## Your task
Copy the lines below exactly, starting at the one with "An impressive mid-20th" and ending at the one with "Brass trimmed bleached", and leave out any picture.

---------- Source information ----------

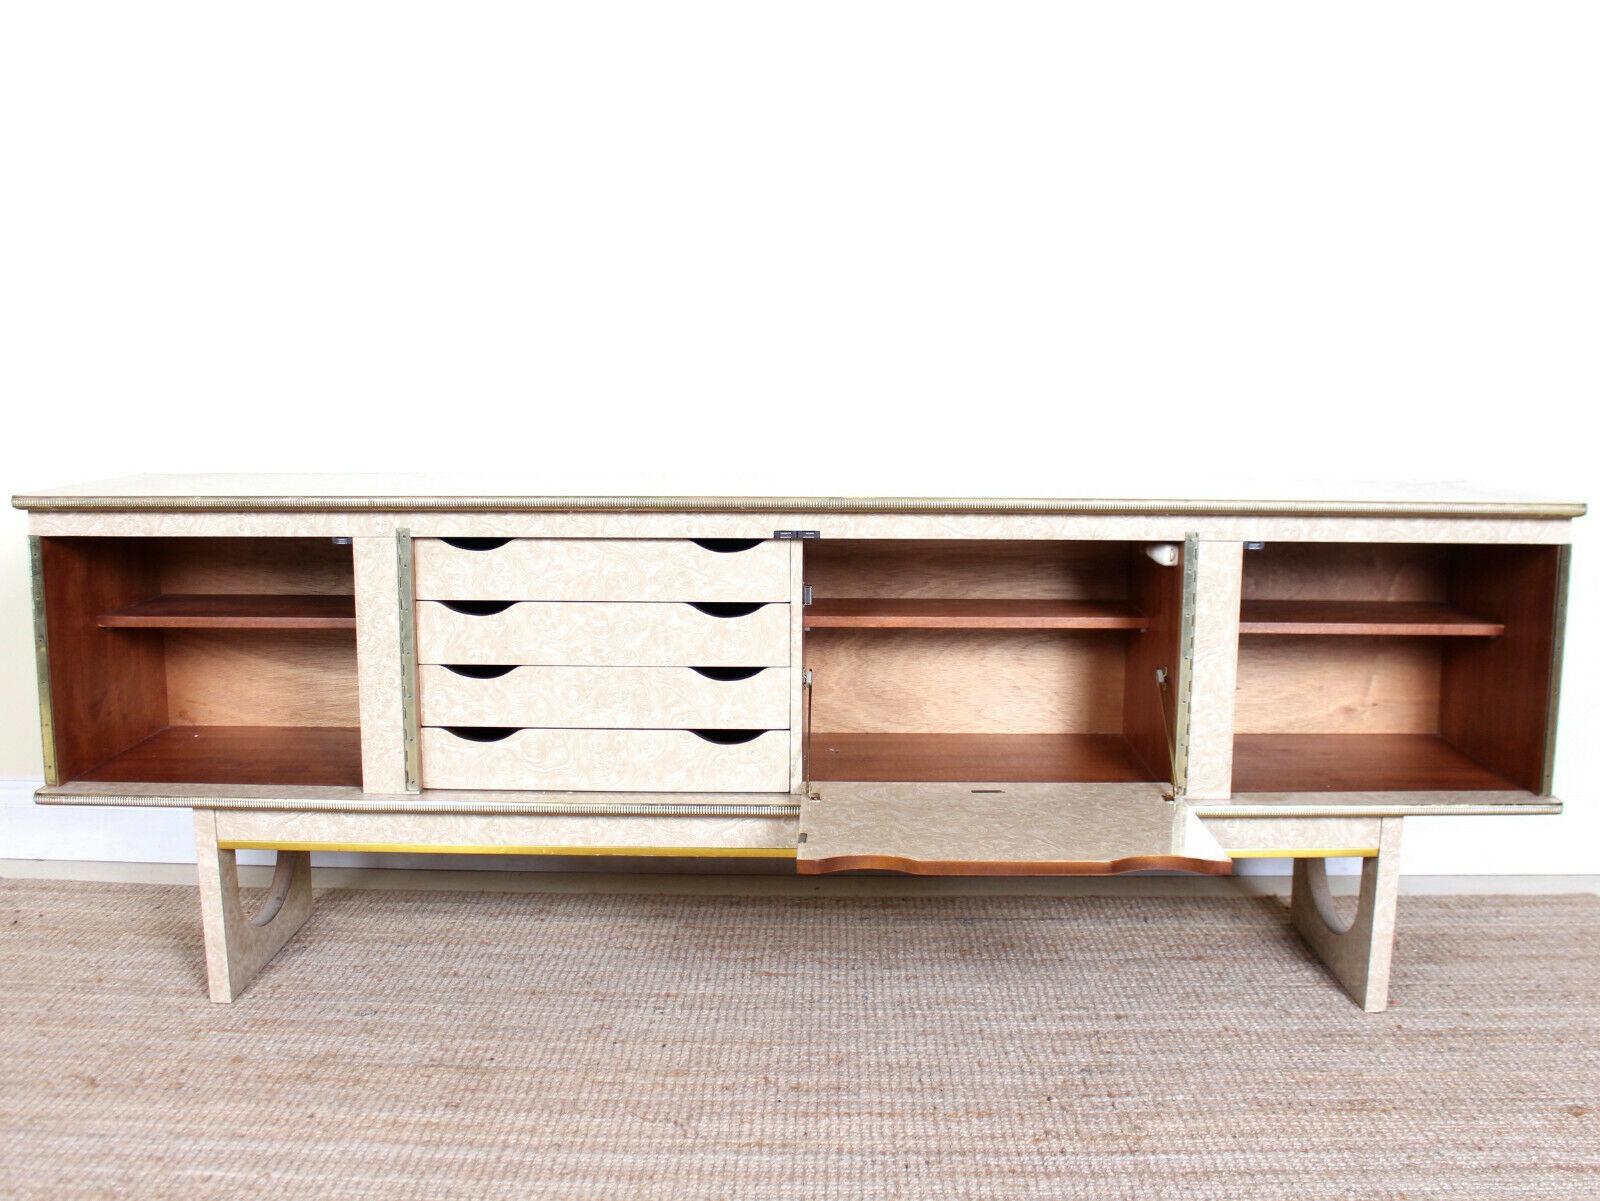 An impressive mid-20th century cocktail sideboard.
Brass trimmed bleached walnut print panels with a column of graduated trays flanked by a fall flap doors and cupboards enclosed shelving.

----------
---------- Source information ----------

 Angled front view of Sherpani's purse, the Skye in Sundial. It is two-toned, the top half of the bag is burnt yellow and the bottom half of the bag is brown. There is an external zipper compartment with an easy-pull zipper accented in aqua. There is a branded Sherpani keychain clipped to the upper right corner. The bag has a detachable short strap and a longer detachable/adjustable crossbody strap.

----------

## Reply
 An impressive mid-20th century cocktail sideboard.
Brass trimmed bleached walnut print panels with a column of graduated trays flanked by a fall flap doors and cupboards enclosed shelving.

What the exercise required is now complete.